# Everything runs, but pressure still equalized?



## kenmac (Feb 26, 2009)

sounds like the compressor just gave up


----------



## nap (Dec 4, 2007)

it obviously is not pumping enough of anything to pressurize the system so that means either the comp is not running nearly fast enough to pressurize or the comp is just plain busted and not pumping anything

with the running current so low, I would suggest the pump portion of the comp has broken something and the motor is simply free running.


time for a new comp, or at that age, a new unit altogether.


----------



## beenthere (Oct 11, 2008)

Yes, it should draw amperage on the start wining wile running.

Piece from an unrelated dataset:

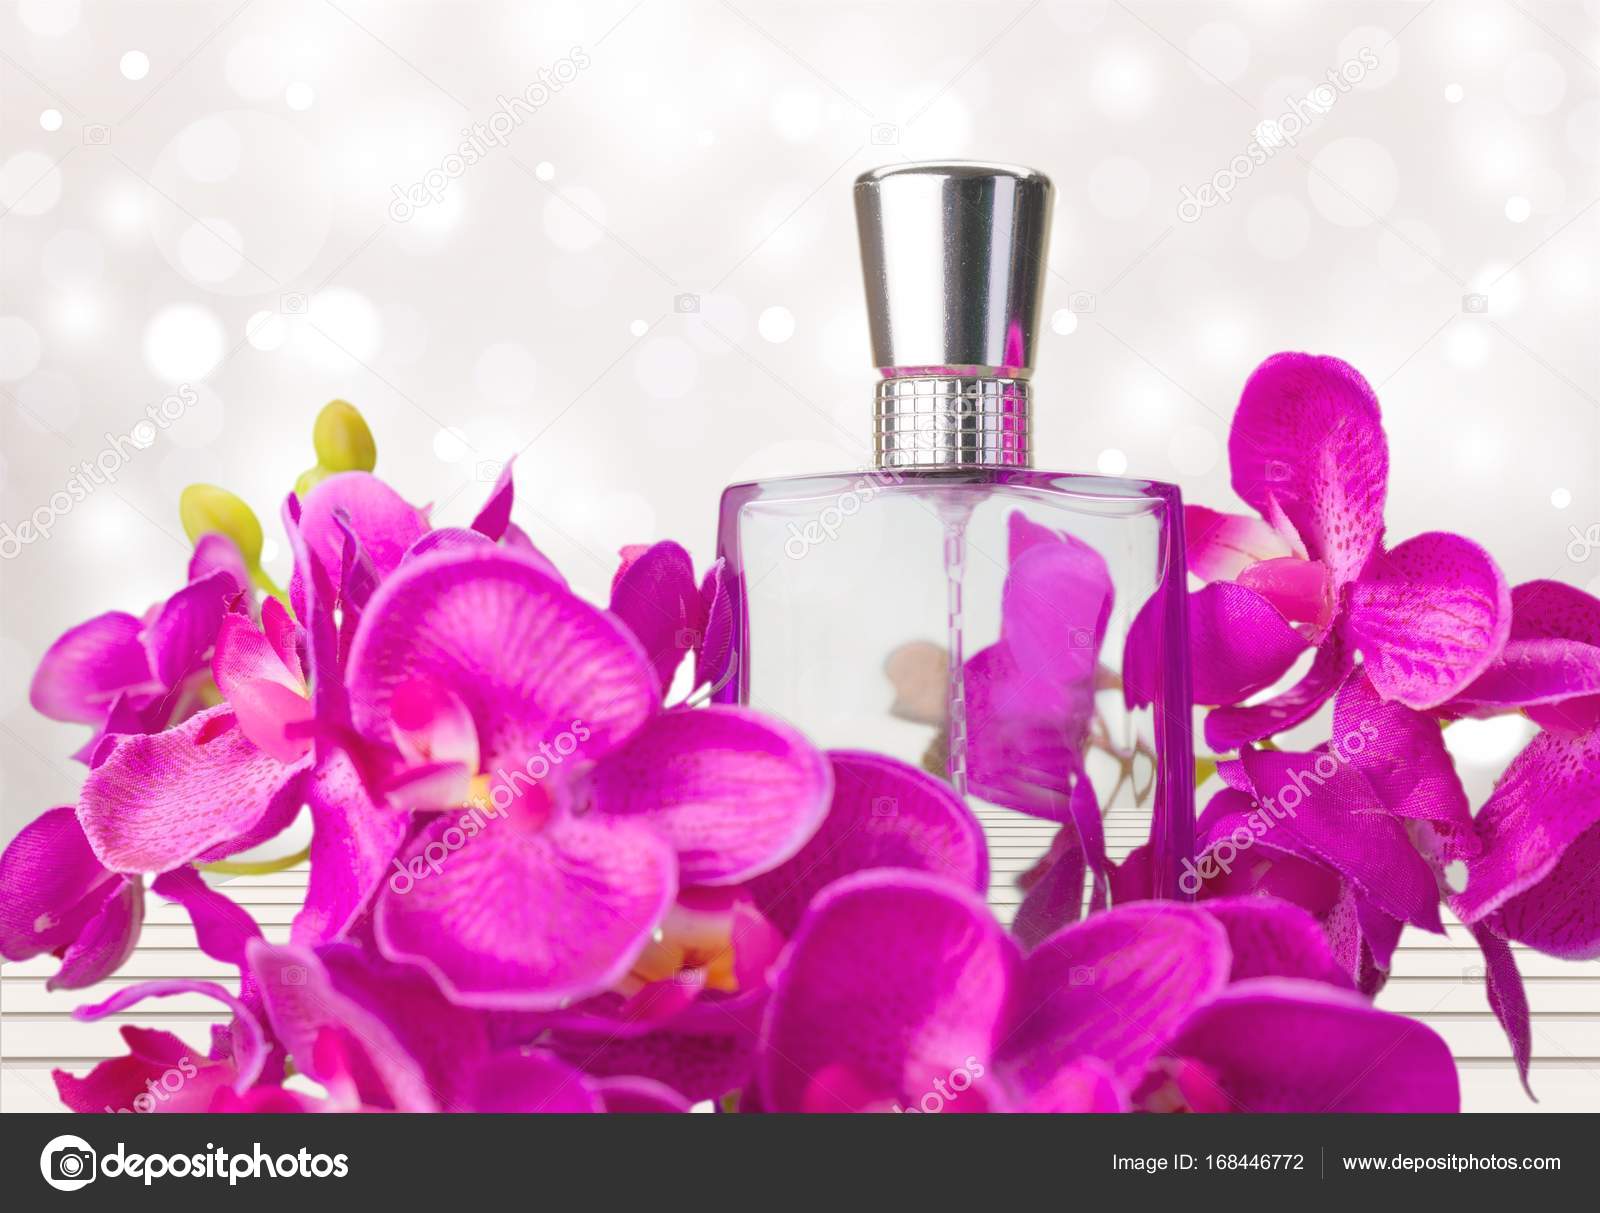 perfume purple bottle with flowers

Sounds like it lost a vlalve.


----------



## evapman (Mar 25, 2007)

yup, prolly a warped valve. Have replaced a few Bristols in the past with this problem.


----------



## yuri (Nov 29, 2008)

Bristols, Ptui, I despise them. The internal relief valve may have popped open and is stuck open. Give the can a good whack upside the head with a rubber mallet and it may reset. Probably need a new compressor/unit anyway.


----------



## krosselle (May 30, 2009)

Thanks everyone, I'll go the new condenser unit route. After I whack it with the mallet :thumbsup:


----------



## krosselle (May 30, 2009)

Do I whack it while it is running?


----------



## yuri (Nov 29, 2008)

Try it B4 starting it and then later. Less than 5% chance it will work. Would have to be caused by a restriction in the system causing it to pop. Then you have another problem to fix.


----------